» **What to do**
Reproduce the data below in full and exclude every picture.

» **Stored data**
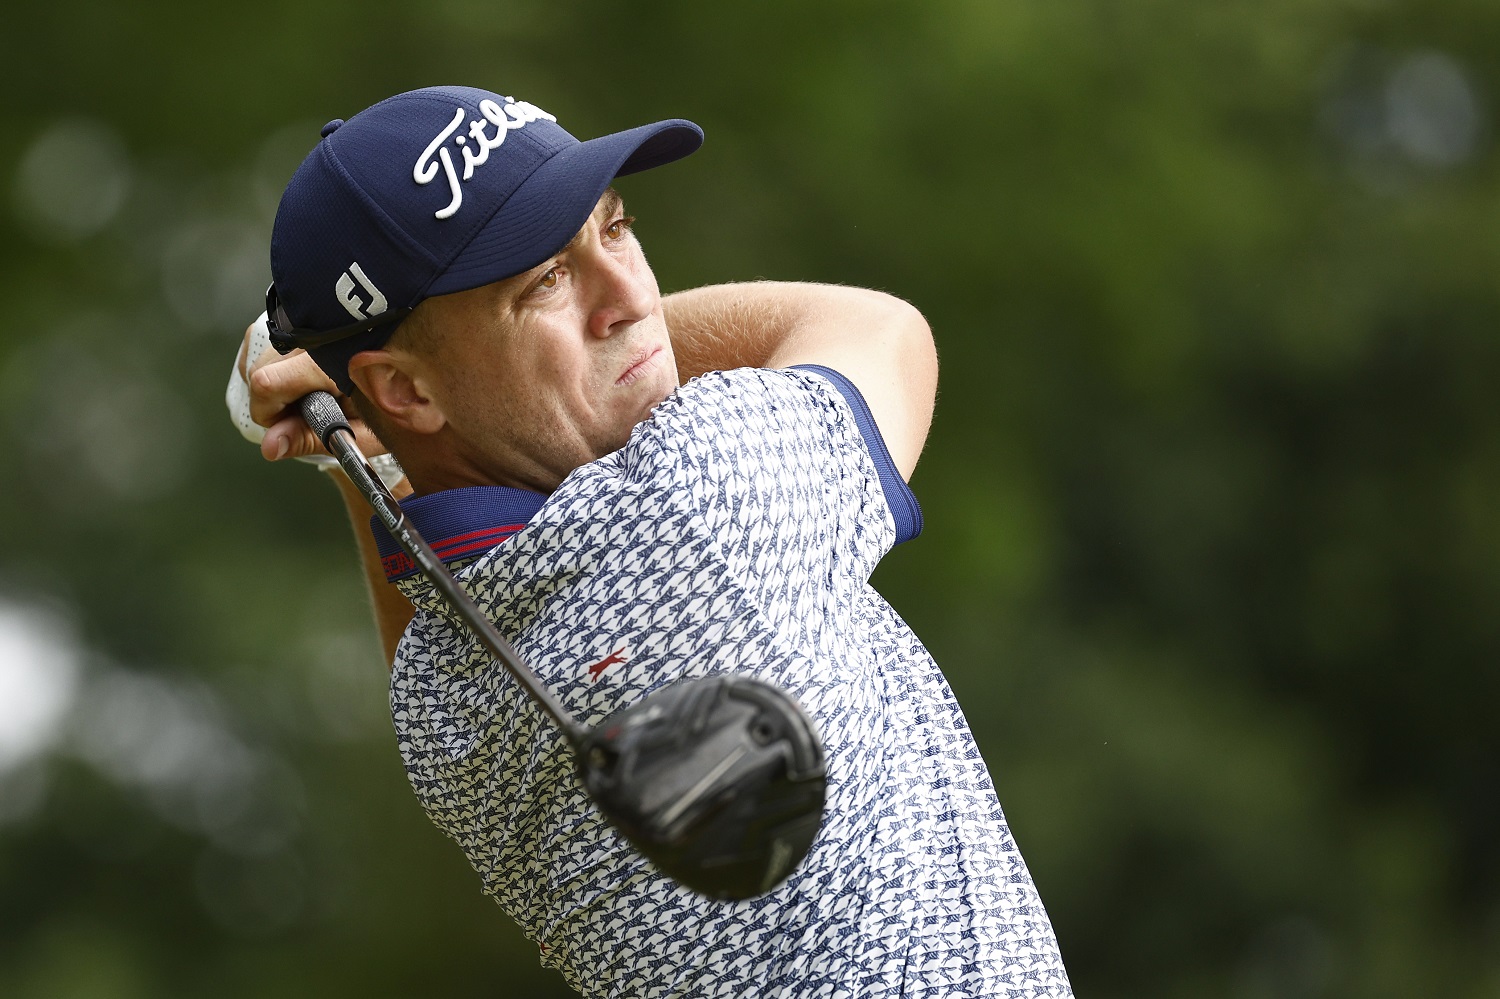 Justin Thomas plays from the 12th tee during the second round of the 122nd U.S. Open at The Country Club on June 17, 2022, in Brookline, Massachusetts.
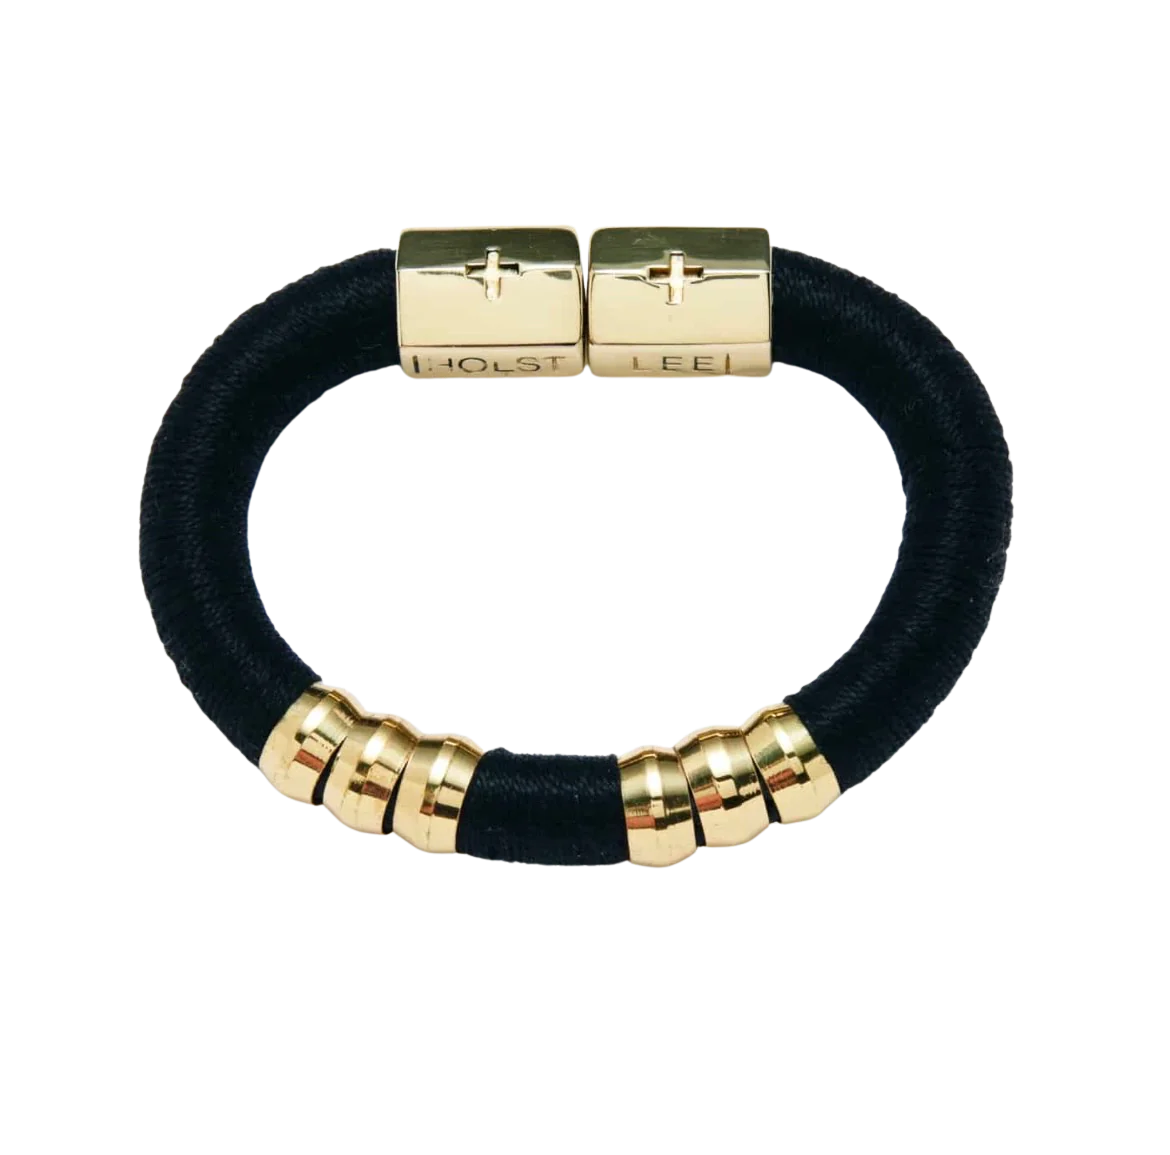 Holst+Lee Classic Bracelet in Black and Tan
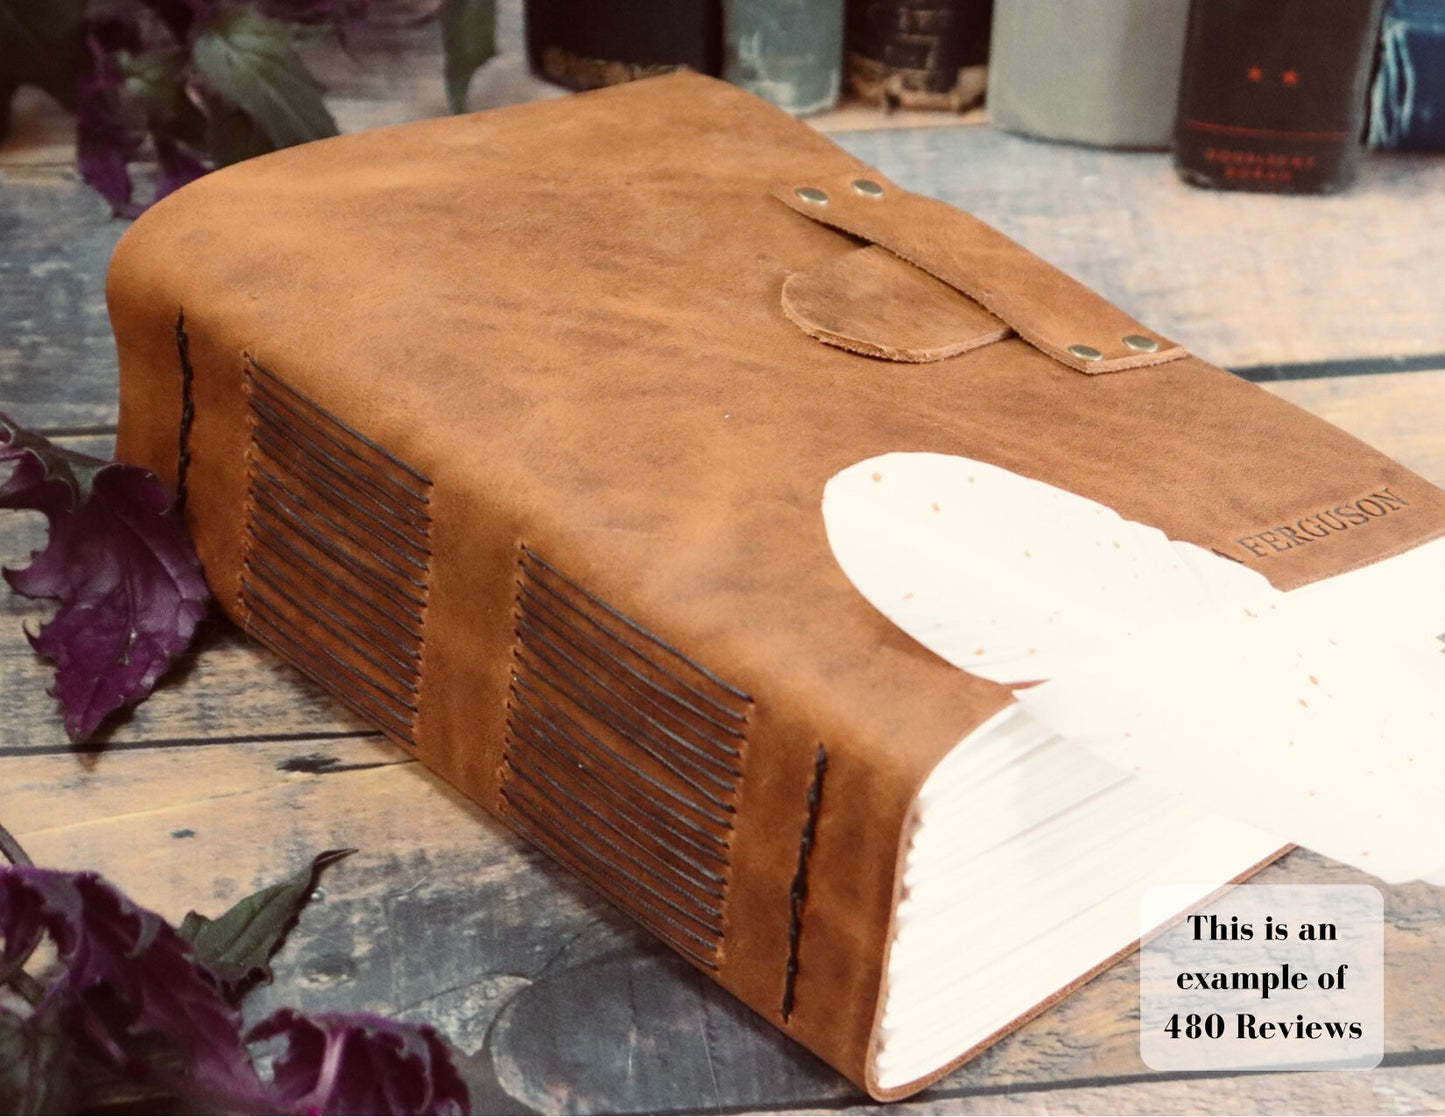 BOOK REVIEW JOURNAL, Personalized Leather Rustic Reading Log Book, Premium Gift for Book Lovers & Bibliophiles, Review Log For Novels

» **Expected output**
 Justin Thomas plays from the 12th tee during the second round of the 122nd U.S. Open at The Country Club on June 17, 2022, in Brookline, Massachusetts.
 Holst+Lee Classic Bracelet in Black and Tan
 BOOK REVIEW JOURNAL, Personalized Leather Rustic Reading Log Book, Premium Gift for Book Lovers & Bibliophiles, Review Log For Novels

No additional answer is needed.